10:57 — Yang says he'll build "a broad coalition" including "libertarians" — the only time they're mentioned by any of the Democratic candidates.

July 2019:
8:22 - Andrew Yang: "We need to do the opposite of what we've been doing now. The opposite of Donald Trump is an Asian math nerd. So let me share the math…" This segues into explaining how he'll give all Americans $1,000 a month.

8:45 - Yang says when he told his wife he wanted to run for president, her first question was: "What are we going to do about our health care?"

9:00 - Yang says Democrats shouldn't only be talking about the most "distressed" immigration stories; they should talk about people like his dad, an immigrant who got a lot of patents in the US.

9:33 - Yang is asked why he'd be the best president to heal racial divides. Shockingly, Yang's answer is … he'd give everyone $1,000 a month.

10:41 - Yang goes meta: "We're up here with makeup on our faces, saying prepared attack lines, playing roles on a reality TV show."

September 2019:
8:10 - Andrew Yang makes a splash with his opening statement: "In America today, everything revolves around the almighty dollar.… We have to see ourselves as owners and shareholders of this democracy, rather than as inputs into a giant machine." He offers to give $1,000 a month to 10 families who go to his website and submit essays about how they could use the money.

10:07 - Yang points out that every candidate has proposed to solve climate change by curbing the influence of money. "But money finds a way! … The answer is to wash the money out with people-powered money."

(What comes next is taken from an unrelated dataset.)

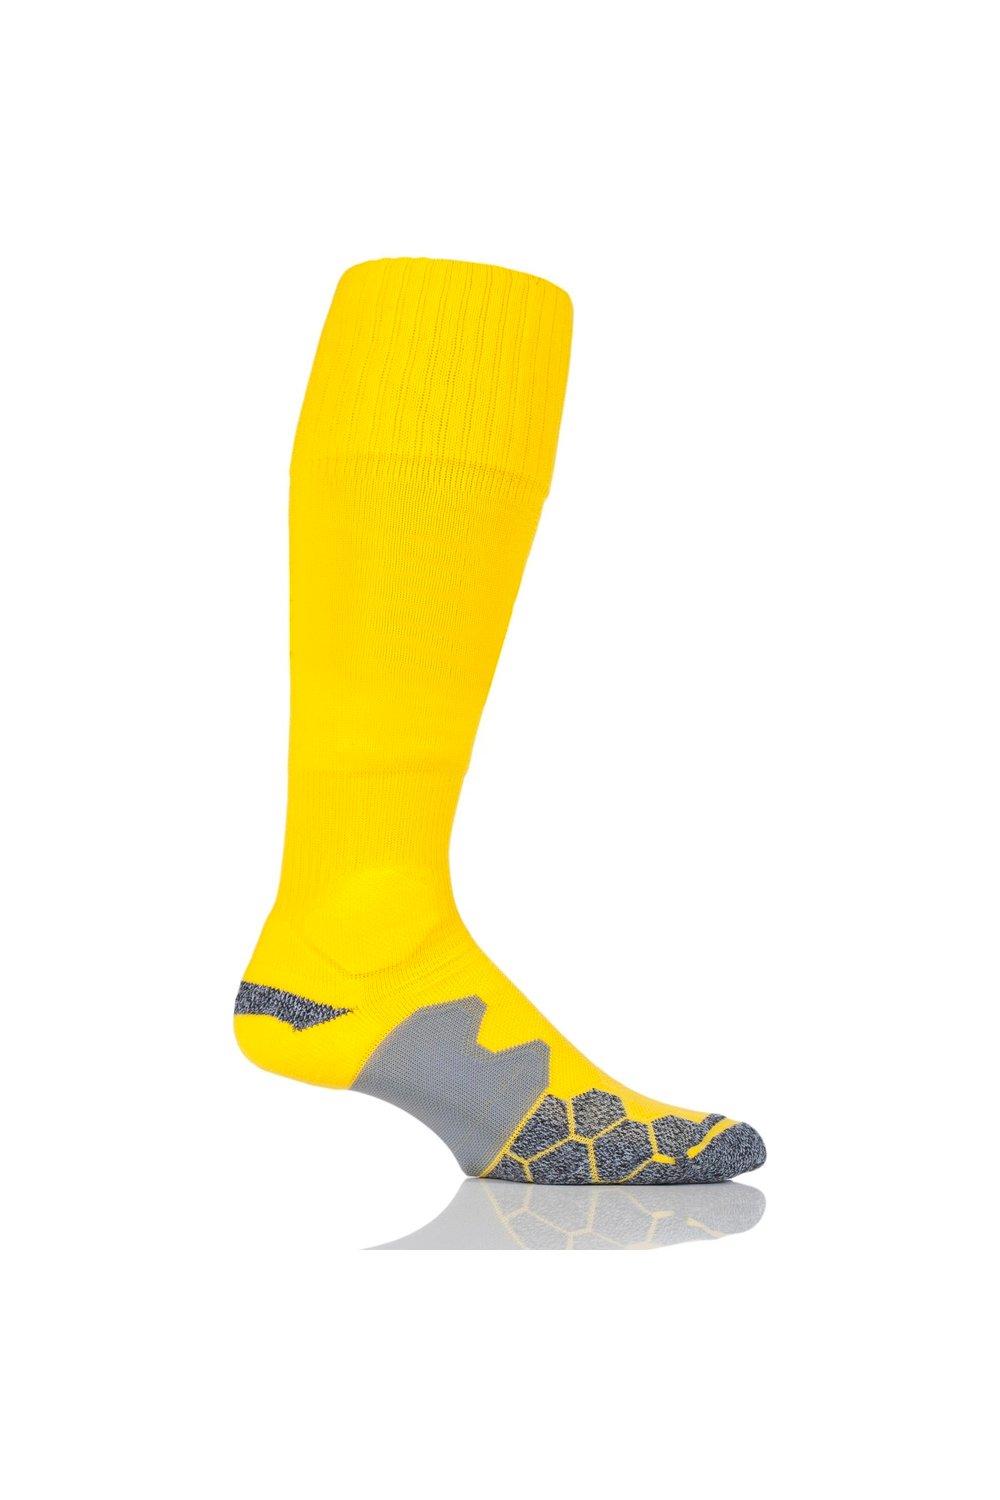 1 пара технических футбольных носков с мягкой подкладкой, произведенных в Великобритании SOCKSHOP of London, желтый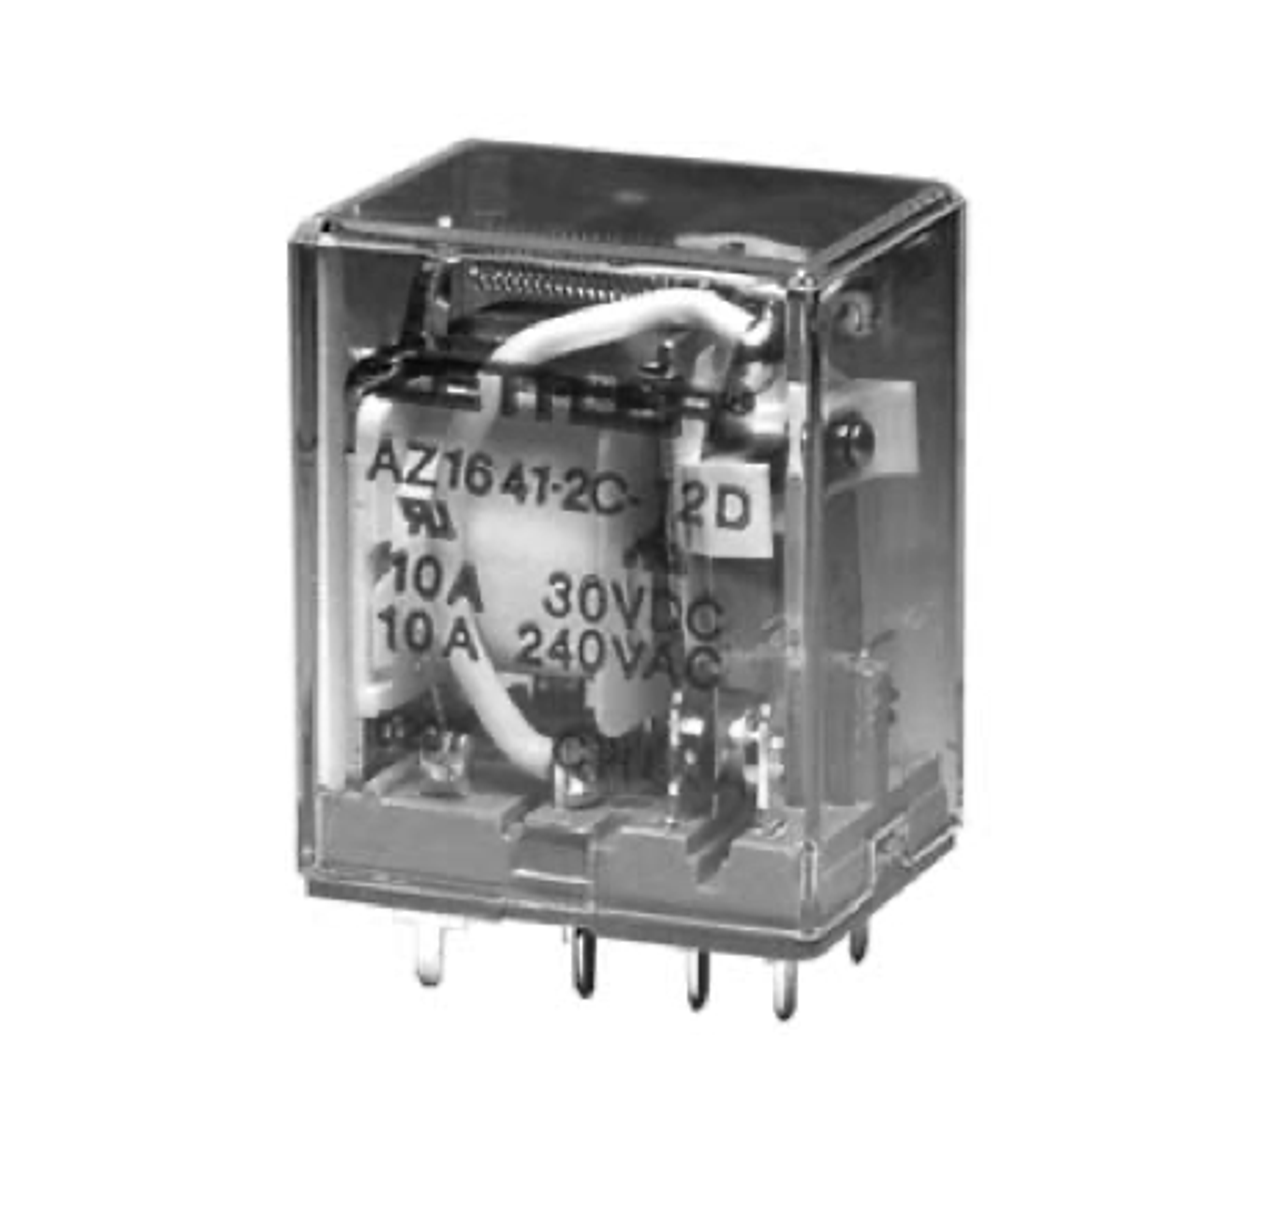 American Zettler AZ1641-3C-120A Power Relay

10:30 - Yang talks about his first business failing and remembers "how isolating it was — it feels like your friends no longer want to spend time with you."

October 2019:
8:34 - Andrew Yang is asked, since he wants to give $1,000 a month to all Americans, whether he supports Bernie Sanders's "federal jobs guarantee." No, Yang says: "Most Americans do not want to work for the federal government." Yang imagines the Sanders plan will lead to "failed retraining programs and jobs that no one wants," while Yang's plan of simply handing out money would empower individuals to make the best choices for them.

8:57 - Yang says Warren's principles are right, and a wealth tax sounds good in theory — but numerous countries that have tried it (including Germany, France, and Sweden) have repealed it because it didn't work.

10:18 - Yang says we should be getting money back for the data we give to companies like Facebook.

November 2019:
9:45 - Yang: "There are only 2 countries that don't have paid family leave for new moms, and those are the United States and Papua New Guinea.… We need to get off that list as soon as possible!" Yang brings up the importance of young children hearing a large number of words, but he doesn't say whether he'd support Biden's proposal to address that need with record players.

10:31 - Yang makes a powerful statement about the need to reach out to alienated young men so they don't turn to hate and violence.




(Photo of Yang in August 2019 by Gage Skidmore, via Wikimedia Commons.)

2 comments:

Shootist said...

Andrew Yang. At least he isn't an Intersectionalist.

Achilles said...

We tax labor in the US.

We allow investments in capital to be deducted as depreciation.

Robots are a tax deduction. Employees are a tax expense.

I wonder what happens next.

It is a total mystery.

A VAT tax to support a UBI is the wrong answer though. Wrong approach.

The taxes need to be applied to capital improvements generally.

The UBI needs to be a subsidy for labor, not for sitting around or for breathing.